→ Aim of the task:
Every entry below needs to be printed again exactly, with its pictures left out.

+ + +

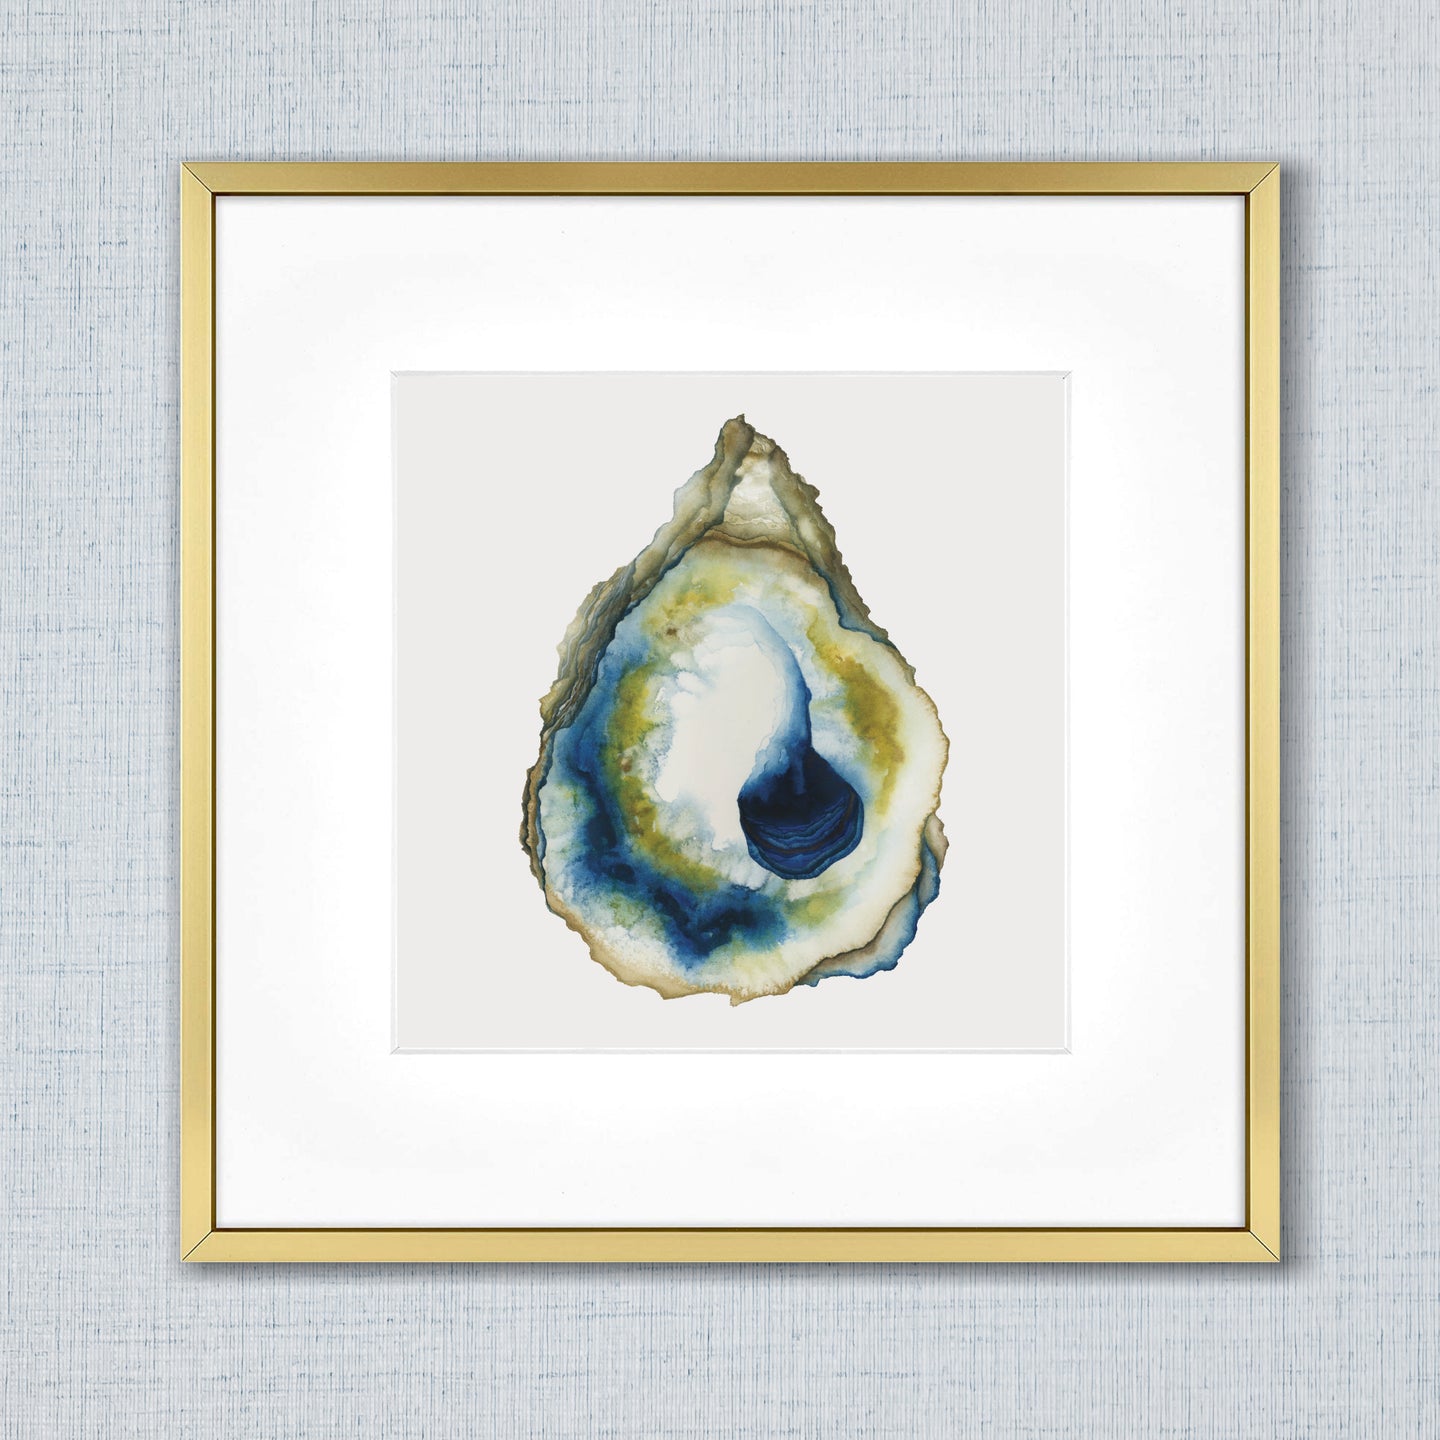 “Southern State of Mind” Fine Art Print - Oyster (2020)
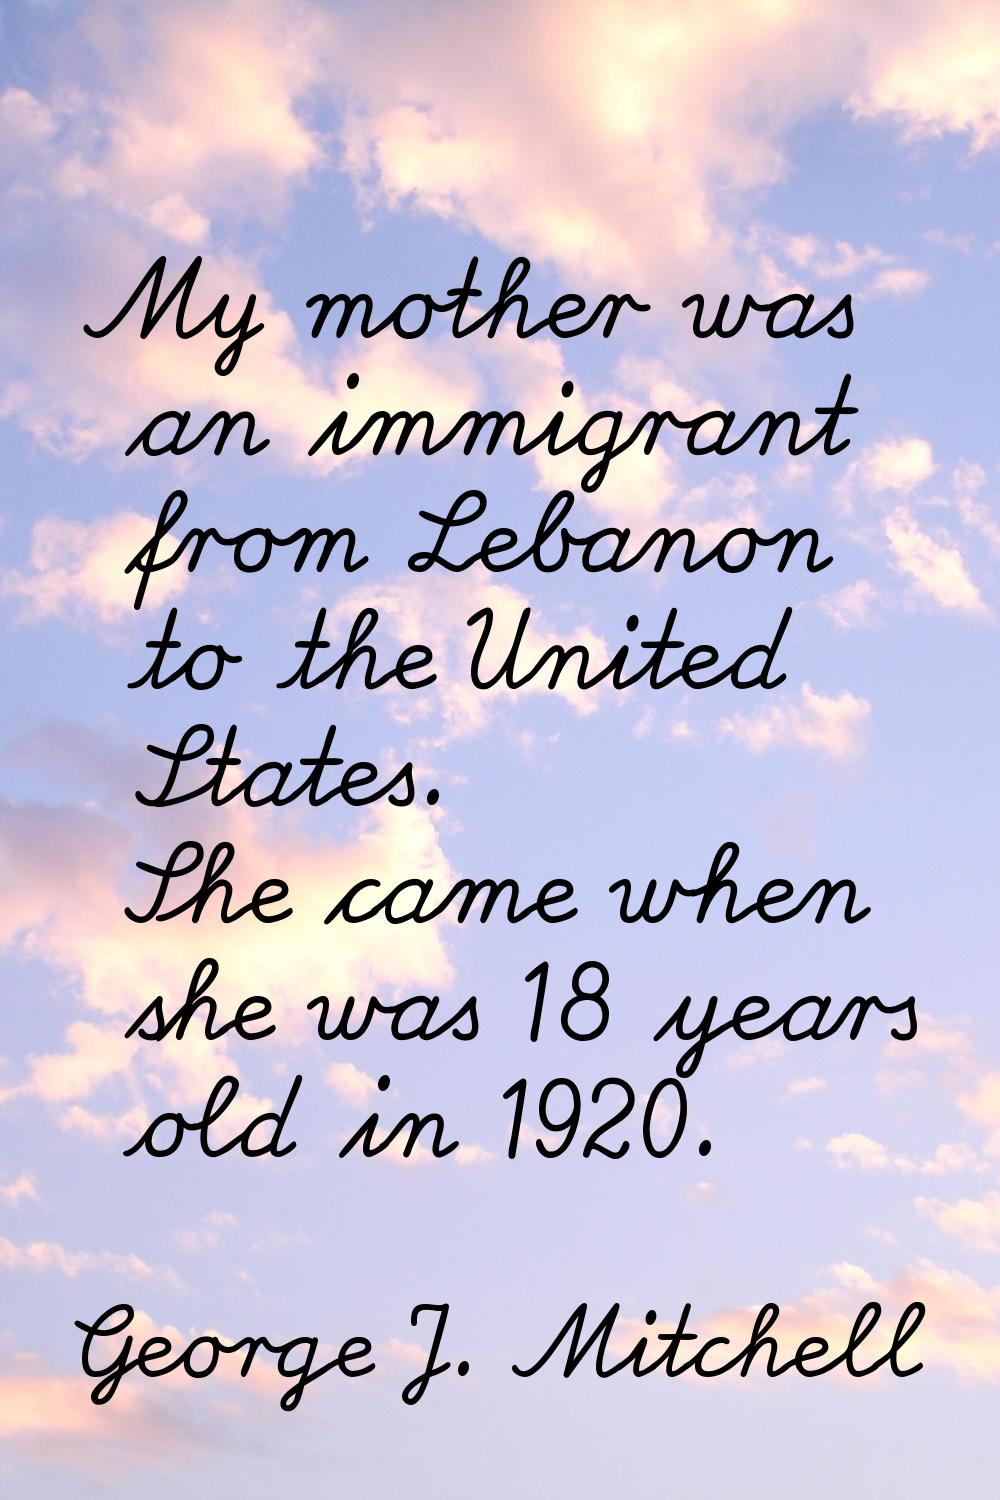 My mother was an immigrant from Lebanon to the United States. She came when she was 18 years old in
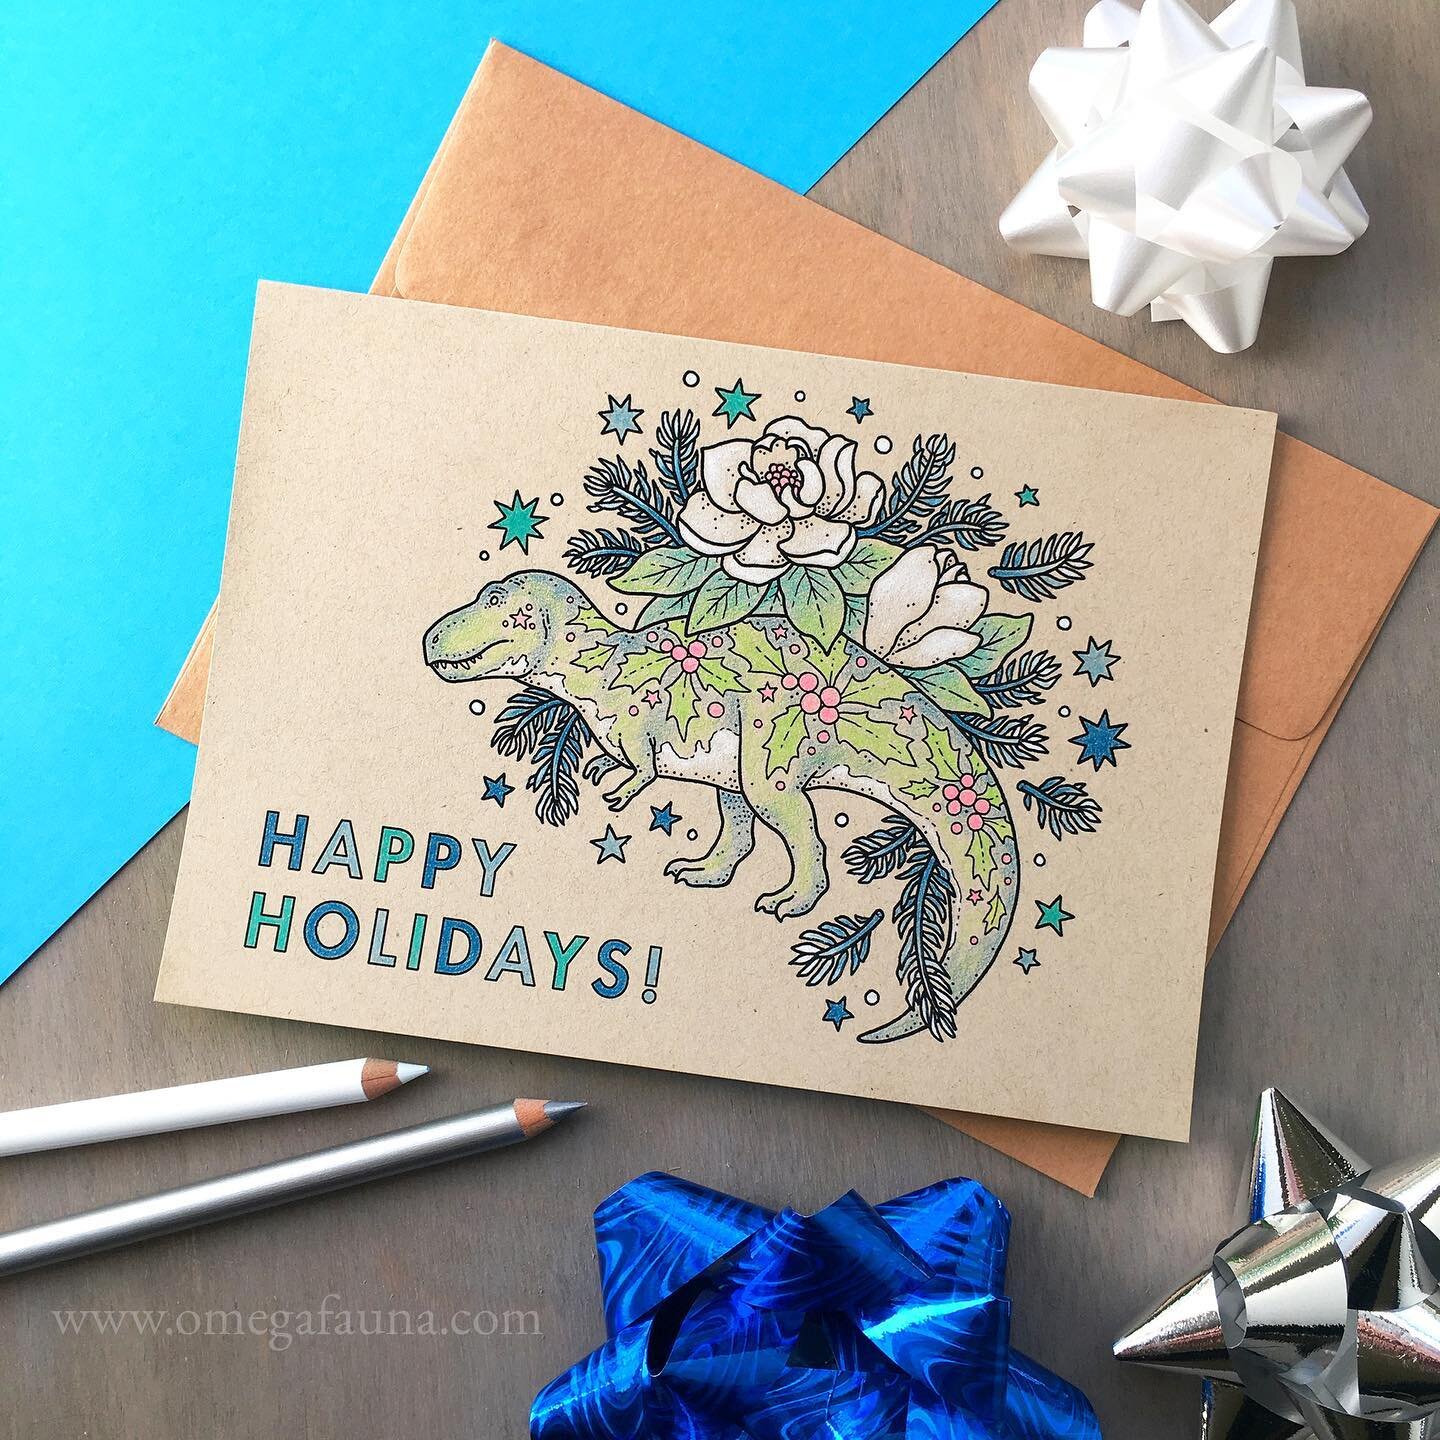 Have you gotten all your holiday mail sent out yet? We finally finished ours up yesterday, whew! 📦📬
.
If you need some last-minute cards (or you can&rsquo;t count &amp; ran out of cards like I usually do 😅), this &ldquo;Cretaceous Christmas&rdquo;

+ + +

→ Solution for this problem:
 “Southern State of Mind” Fine Art Print - Oyster (2020)
 My mother was an immigrant from Lebanon to the United States. She came when she was 18 years old in
 Have you gotten all your holiday mail sent out yet? We finally finished ours up yesterday, whew! 📦📬
.
If you need some last-minute cards (or you can&rsquo;t count &amp; ran out of cards like I usually do 😅), this &ldquo;Cretaceous Christmas&rdquo;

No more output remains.